Data to use
*** Begin section ***

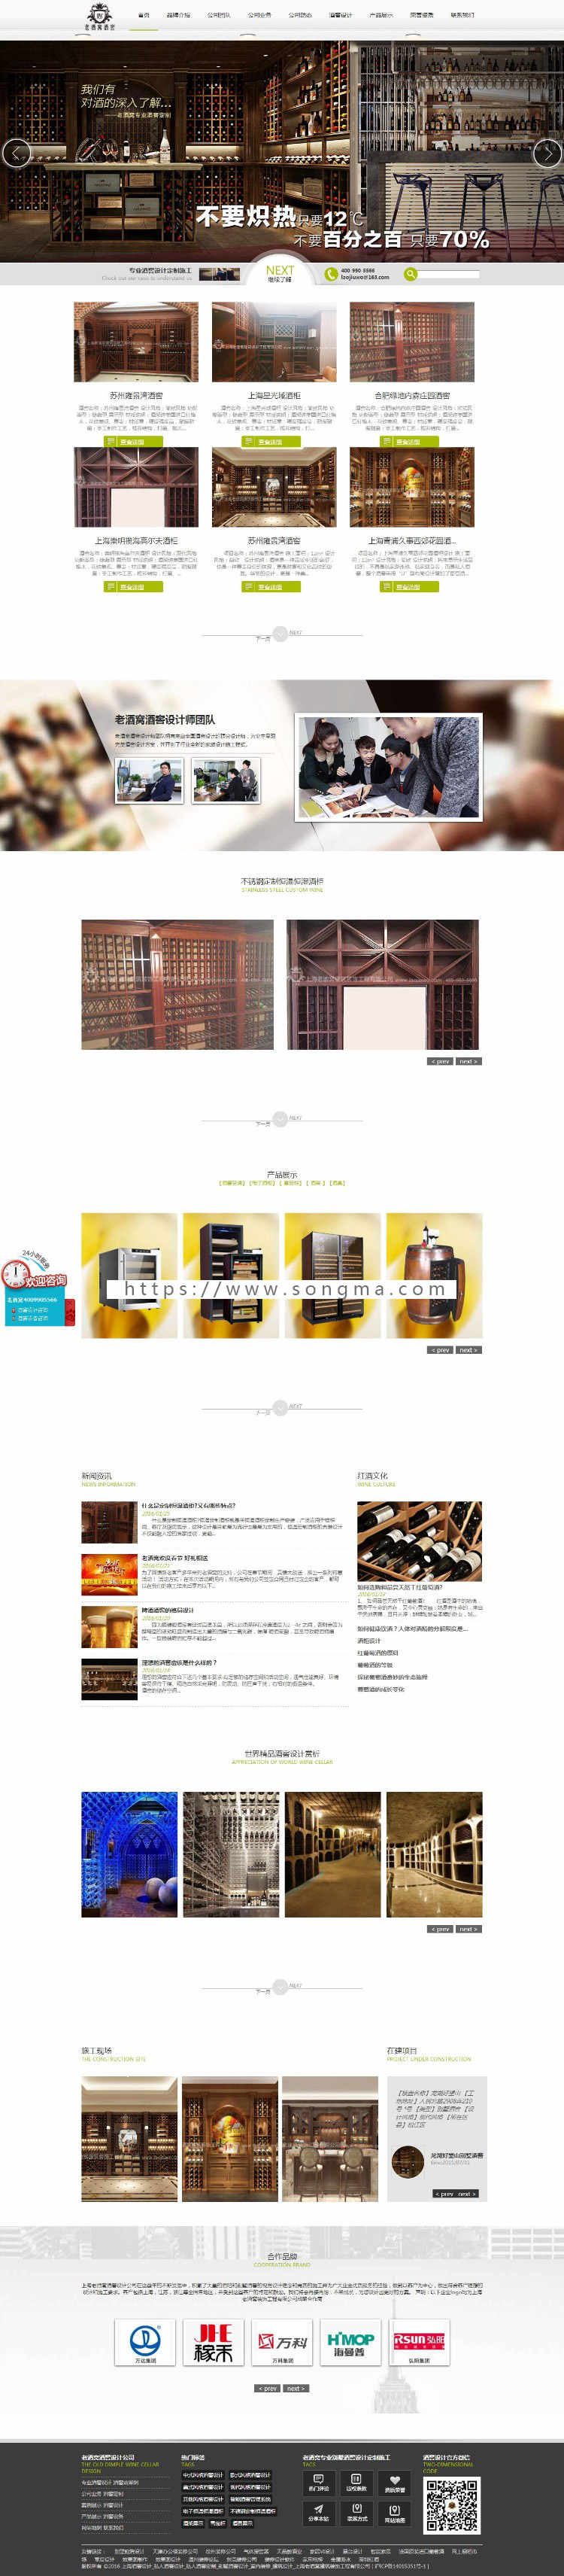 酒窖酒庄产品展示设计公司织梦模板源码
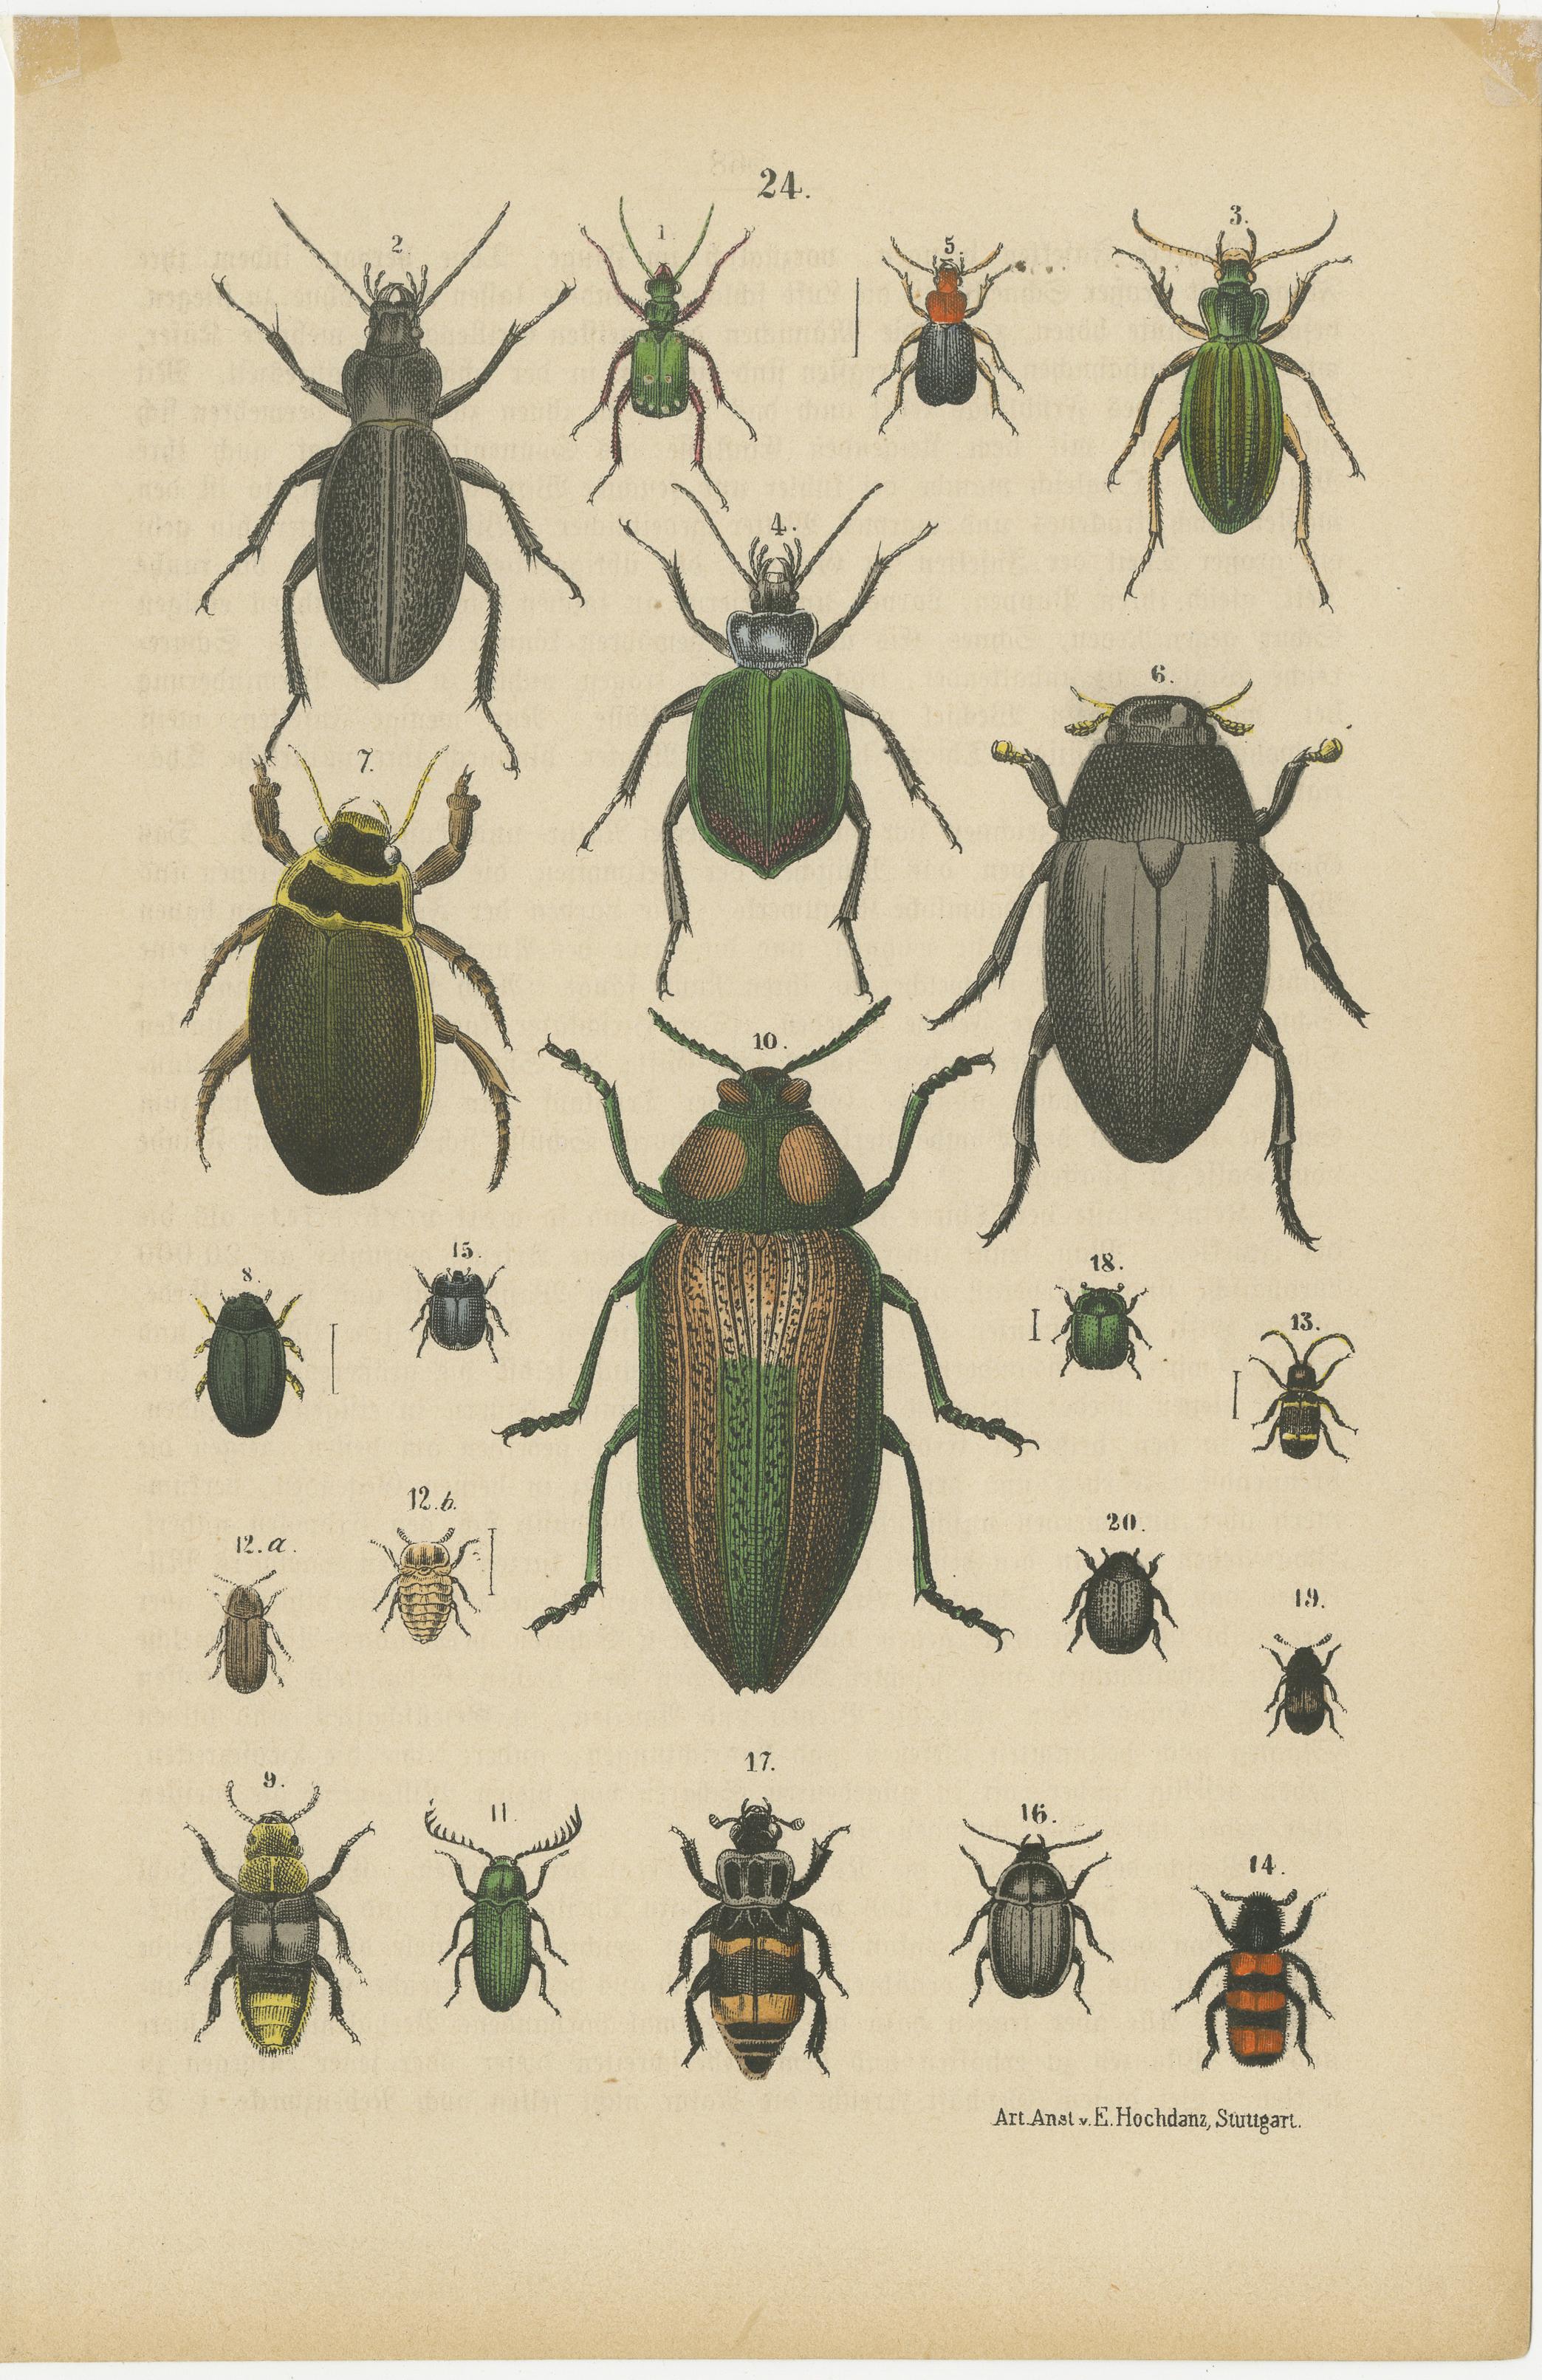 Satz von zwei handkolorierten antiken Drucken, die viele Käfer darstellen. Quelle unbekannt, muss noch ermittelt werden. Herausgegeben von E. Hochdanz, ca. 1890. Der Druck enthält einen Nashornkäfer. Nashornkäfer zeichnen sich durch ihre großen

*** End section ***
*** Begin section ***

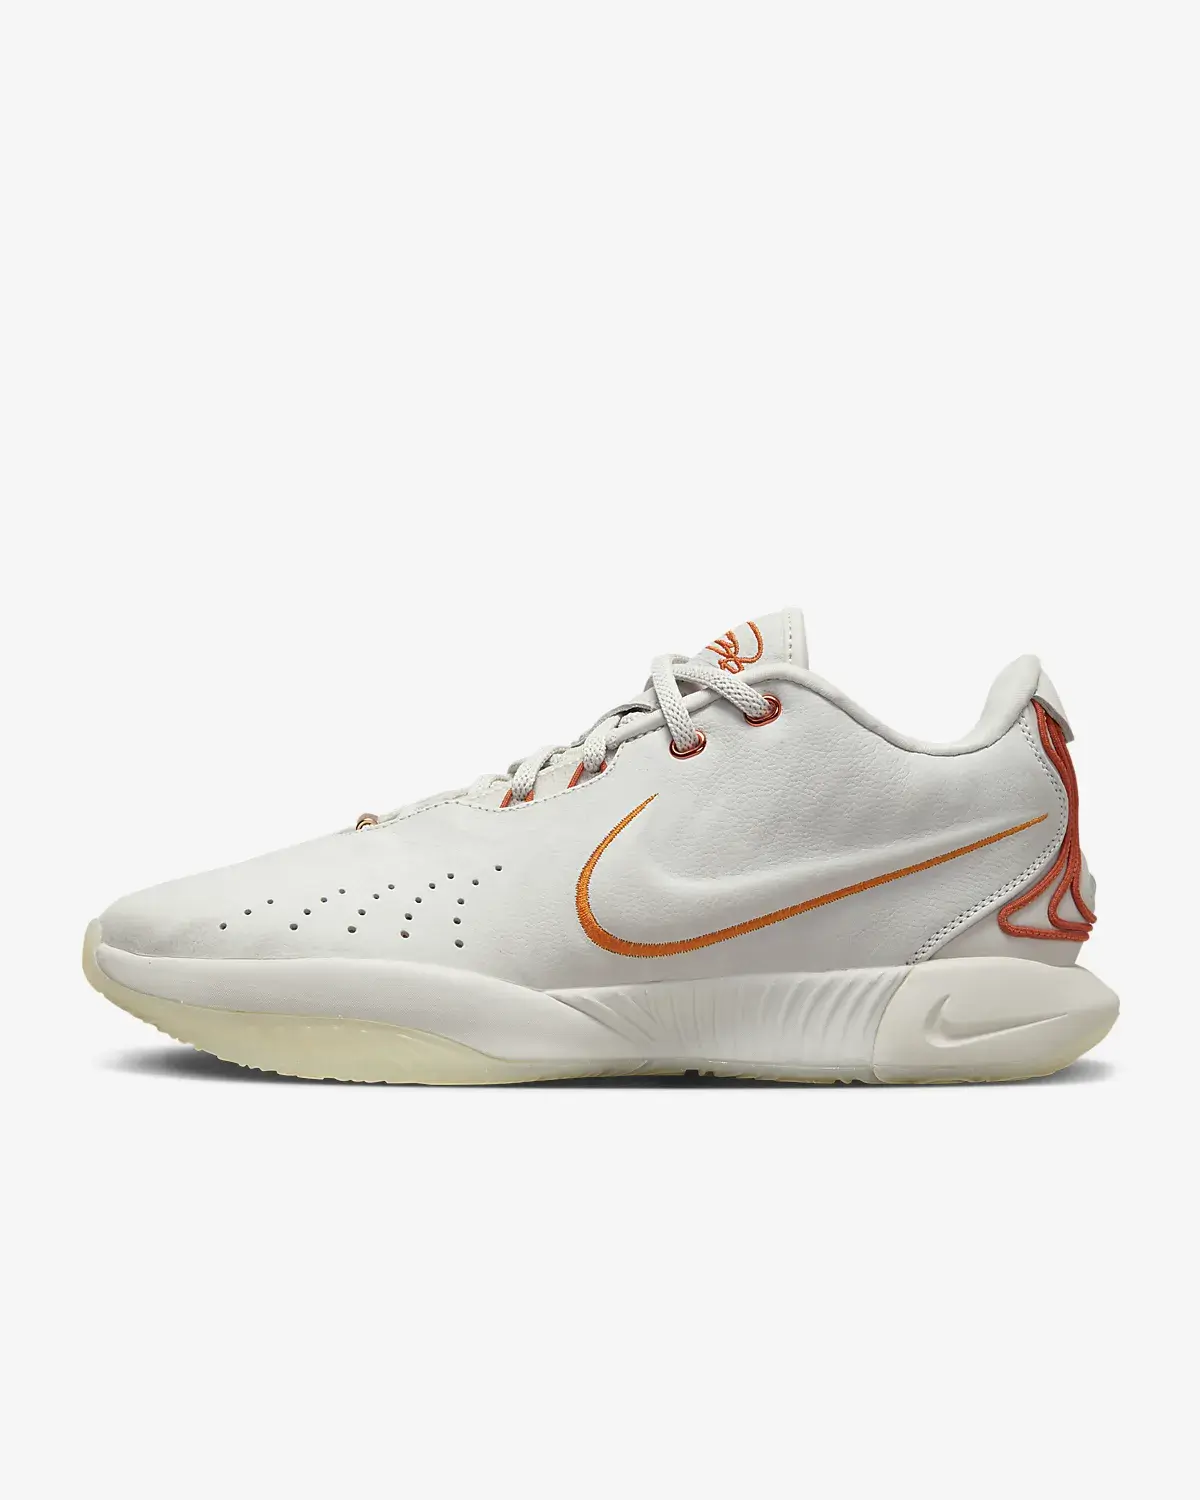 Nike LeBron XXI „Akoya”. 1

*** End section ***

Give the lines above again exactly, from the one containing "酒窖酒庄产品展示设计公司织梦模板源码" to the one containing "Satz von zwei", both included, but leave out the pictures.

Exercise solution
 酒窖酒庄产品展示设计公司织梦模板源码
 Satz von zwei handkolorierten antiken Drucken, die viele Käfer darstellen. Quelle unbekannt, muss noch ermittelt werden. Herausgegeben von E. Hochdanz, ca. 1890. Der Druck enthält einen Nashornkäfer. Nashornkäfer zeichnen sich durch ihre großen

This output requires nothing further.